向こうへ行くと一日中夜で、時間の感覚もなくなってしまうと聞きました。
だから……」
うつむく少年の温もりが冷めてしまわないように握りしめる。
「もしかして、喜助さまが作ってくださったのですか?」
少年は首をふる。
「手伝いはしました。
時計自体は雀部様がくださって、涅様が主に改造を。
何か実験後どうとかおっしゃってましたけど、悪いようにはされないと思います」
毛嫌いされがちな涅なのに、この少年はずいぶんと信頼しているらしい。
それに雀部などは総隊長から響河と共に反乱軍への特別部隊に任命された時に姿を見かけた程度である。
この懐中時計は見るからに質の良い物で、貴重なものに違いなかった。
何故わざわざ雀部が、という疑問はあるが、もう答えを得るだけの時間はなかった。
全ては100年後、だ。
「立派な物を……ありがとう。
大切にします」
辛そうな顔をした少年に、咲はそっと笑いかける。
「そんな顔をなさらないでください。
これは任務です。
必要な情報を得るための、実地調査。
栄誉なことなのですよ」
少年は首を振った。
「ではなぜ誰も手を上げないのですか。
なぜ貴女だけが、調査隊に加わるのですか。
こんなの……酷すぎる」
聡い少年は、咲が選ばれた理由も知っているのだろう。
そしてまだ若く、純真で真っ直ぐで正義感の強い彼には到底納得のいかぬ話だったのだろう。
「喜助様。
ある方が私に言いました。
自分達は駒にすぎない。
命令に従うのみ。
己の力を最大限に発揮し、お役に立つために努めるのみだ。
それが今、私達にできること」
それが今は大反逆人とされる人の言葉だとは、彼も思いもしないだろう。
かの人を思うことは許されないと分かっていながらも、辛く苦しい記憶であろうとも、今もなお咲の胸のうちには、いつも響河がいるのだ。

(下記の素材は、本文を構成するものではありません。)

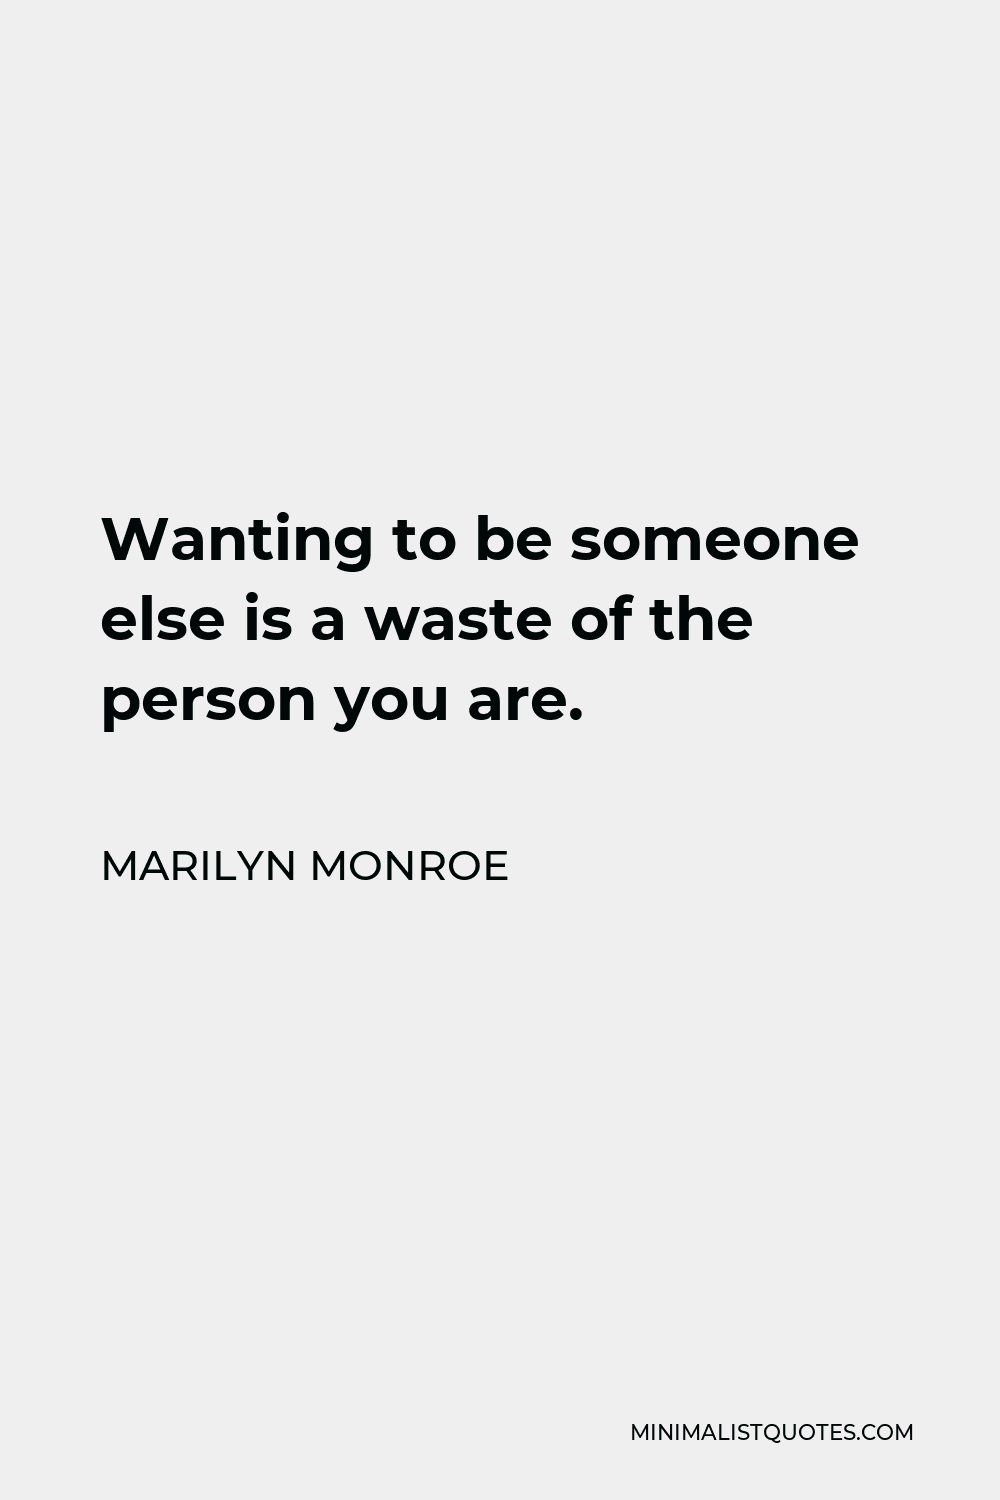 Marilyn Monroe Quote - Wanting to be someone else is a waste of the person you are.
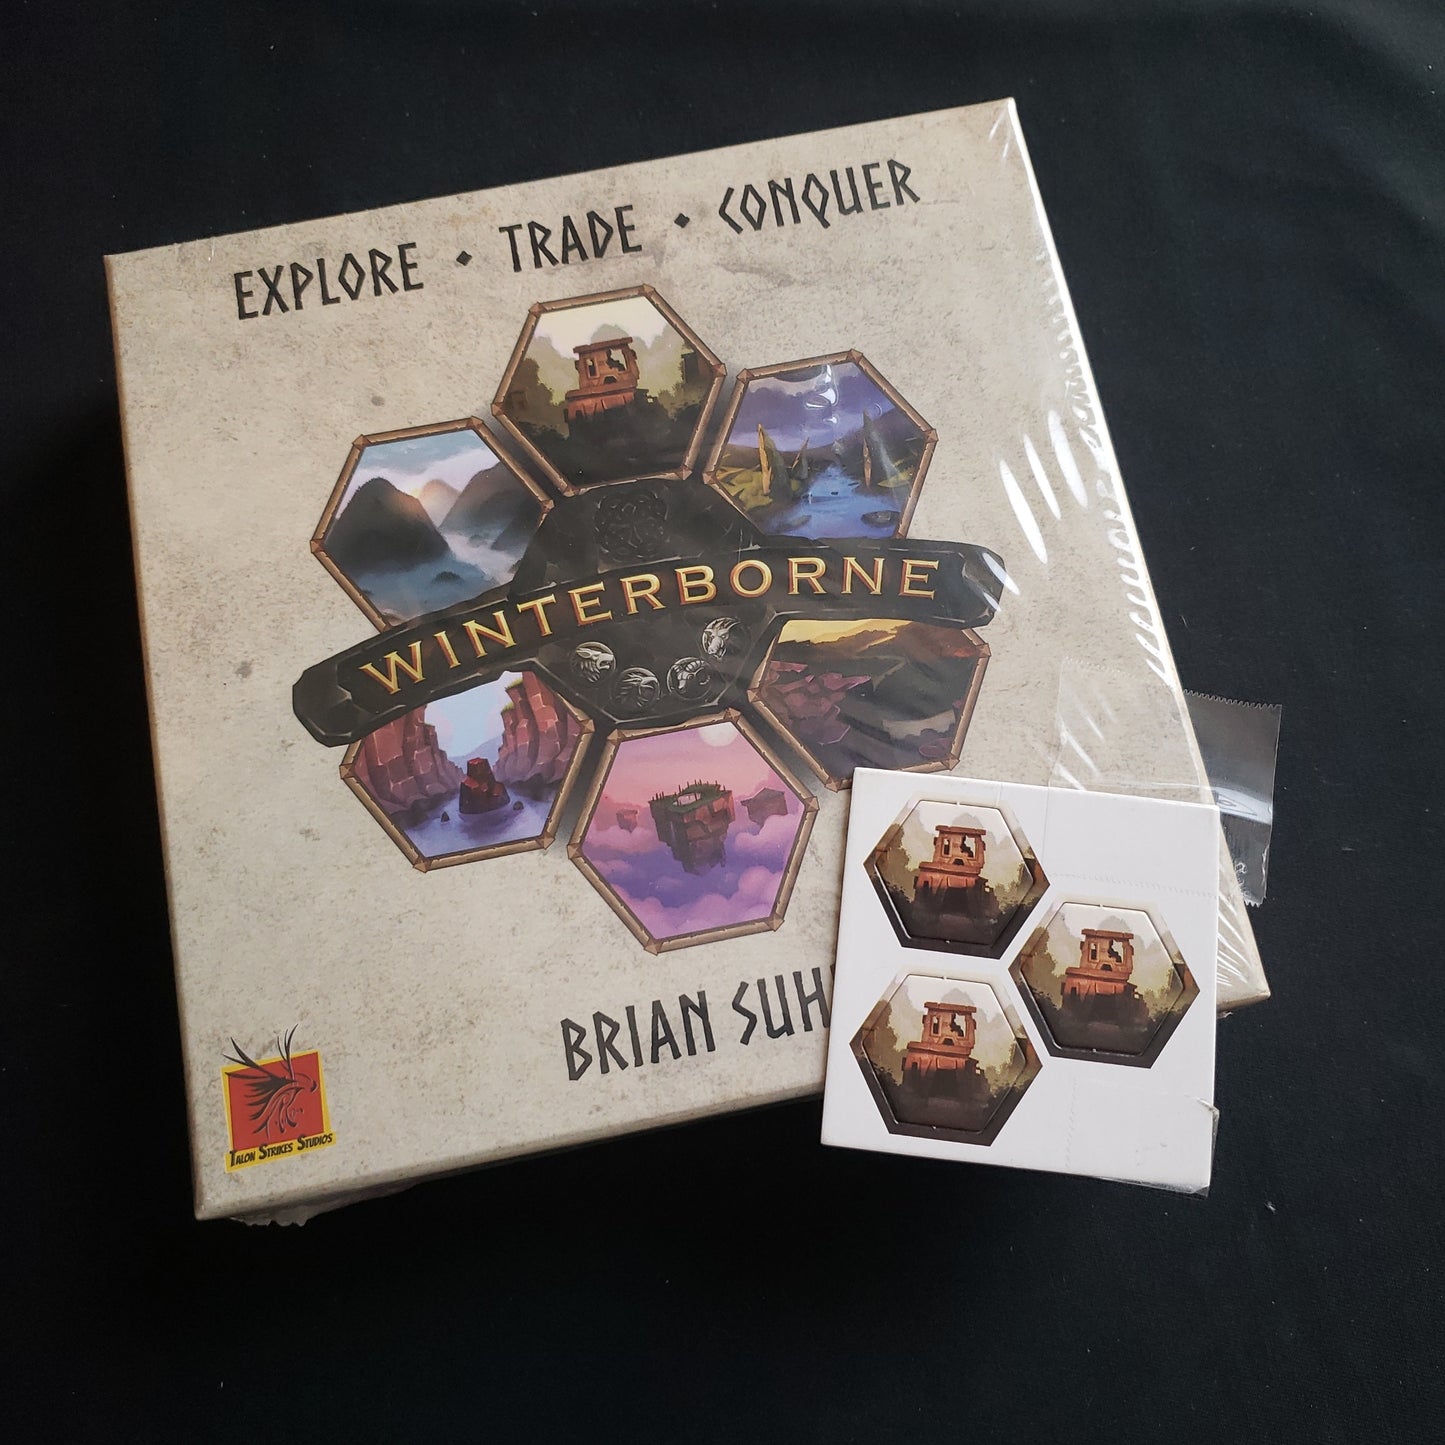 Image shows the front cover of the box of the Winterborne board game, with a card of bonus hex tiles sitting on top of it

「大切な人を、大切なものを守るために出来ることは、今の私にはこれしかありません」
そっと斬魄刀に手を置く。
「二度と大切なものを失わずにいられるように、今の私のできる限りを尽くしたいのです。
私は必ず任務を全うし、帰って来ます。
ですからどうぞ喜助さまも立派な死神に」
美しい瞳が、真っ直ぐに咲を見つめた。
鋭いほど強い決意を秘めた、まだ幼さを残す瞳。
いつか彼は大きな事を為すような気がした。
瞳に星が写り込む美しさをじっと見つめたまま、咲はひとつ頷いた。
彼がひとつ頷き返すのを確認すると、咲は立ち去った。
見せなければならないと思ったのだ。
決意した背中を。
彼もいつか、決意して同じように歩けるように、と。